In November, the Tax Court upheld the IRS’s disallowance of a conservation easement (Graev, 147 TC No. 16). The court found that a letter from the donee offering to refund the contribution if the deduction was later disallowed, created a subsequent event that could render the easement unenforceable, making the contribution a nondeductible conditional gift.
In October, the IRS announced that it has recovered some $10 billion from participants in the Offshore Voluntary Disclosure Program (OVDP) and separate streamlined procedures, the agency has announced. The number of taxpayers participating in the OVDP and streamlined procedures has topped 100,000.
Affordable Care Act
The IRS announced in November an extension of the date for furnishing to individuals 2016 Form 1095-B, Health Coverage, and 2016 Form 1095-C, Employer-Provided Health Insurance Offer and Coverage. At the same time, the IRS extended penalty transition relief. The ultimate fate of the various provisions of the Affordable Care Act and the timing of any transition remains speculative as Congress and the Trump administration continue to work out the many details that are involved.
The Tax Court found in November that a real estate leasing company could not defer recognition of the gain it realized on an exchange of property with its subsidiary (The Maluhani Group, Limited, TC Memo. 2016-209). According to the court, the transaction had been structured to avoid the purposes of Code Sec. 1031(f). Code Sec. 1031(f), the court found, is intended to curb abuses involving related parties.
The IRS issued final regulations that remove the rule under Code Sec. 6050P that creditors were to file an IRS Form 1099-C, Cancellation of Indebtedness following a 36-month period of nonpayment of debt. The provision requiring reporting following the expiration of the 36-month nonpayment testing period was one that many tax practitioners criticized as confusing for taxpayers.
The Treasury Inspector General for Tax Administration (TIGTA) recommended in November that the IRS revisit and expand its guidance for virtual currency. Although the IRS issued Notice 2014-21 and established the Virtual Currency Issue Team, there has been little coordination between the responsible agency functions to identify and address potential taxpayer noncompliance, TIGTA reported.
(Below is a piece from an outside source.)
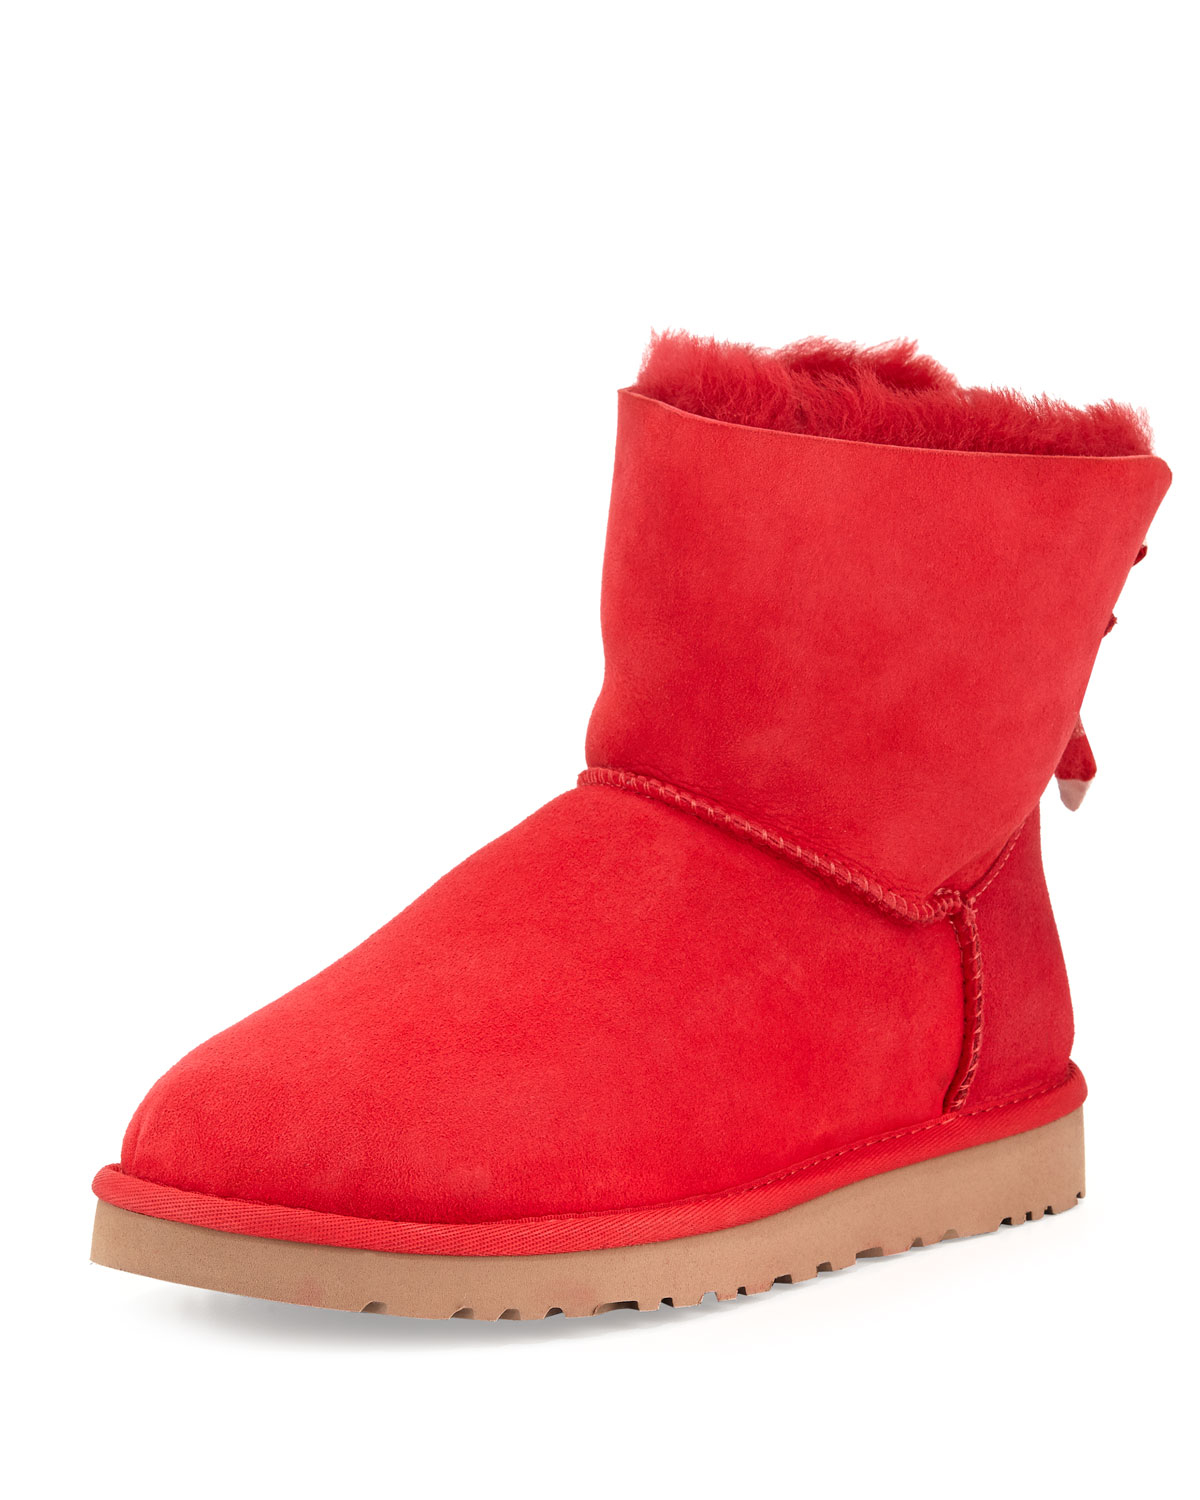 bright red uggs
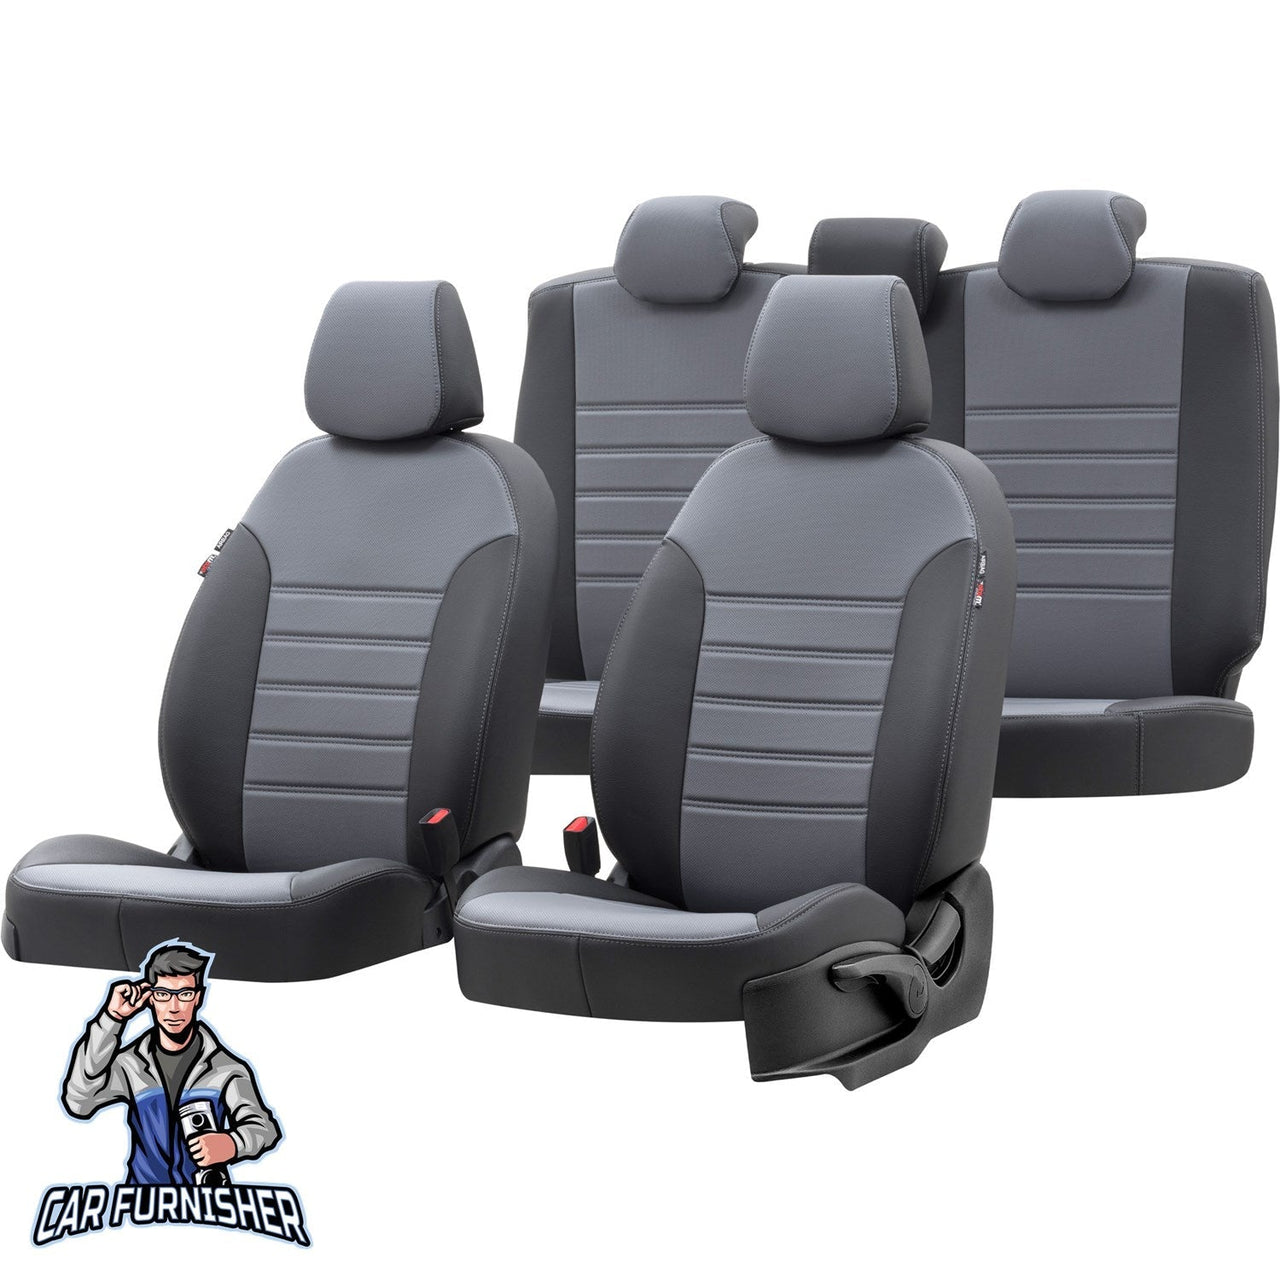 Audi Q2 Seat Cover Istanbul Leather Design Smoked Black Leather

In August 2016, the IRS issued proposed regulations under Code Sec. 2704 targeting valuation discounts that operate to reduce the overall value of assets in family-owned businesses for estate, gift and generation-skipping transfer tax purposes. In December, over 30 individuals, representing different facets of the estate planning community convened before IRS and Treasury officials at a hearing to express their concerns about the proposed regulations. Many of the witnesses criticized proposed regulations, with several urging the IRS to withdraw them. Some stakeholders were open to the possibility of a complete revision and reissuance of the proposed rules.
The IRS announced in December that, effective January 1, 2017, user fees for installment agreements will increase. However, lower-income taxpayers may qualify for reduced fees.
The IRS reminded taxpayers that the Protecting Americans from Tax Hikes Act of 2015 (PATH Act) may impact certain refunds in 2017. The PATH Act generally requires that no credit or refund for an overpayment for a tax year will be made to a taxpayer before the 15th day of the second month following the close of that tax year, if the taxpayer claimed the earned income tax credit (EITC) or Additional Child Tax Credit (ACTC) on the return. The IRS explained that it must hold the entire refund, even the portion not associated with the EITC and the ACTC.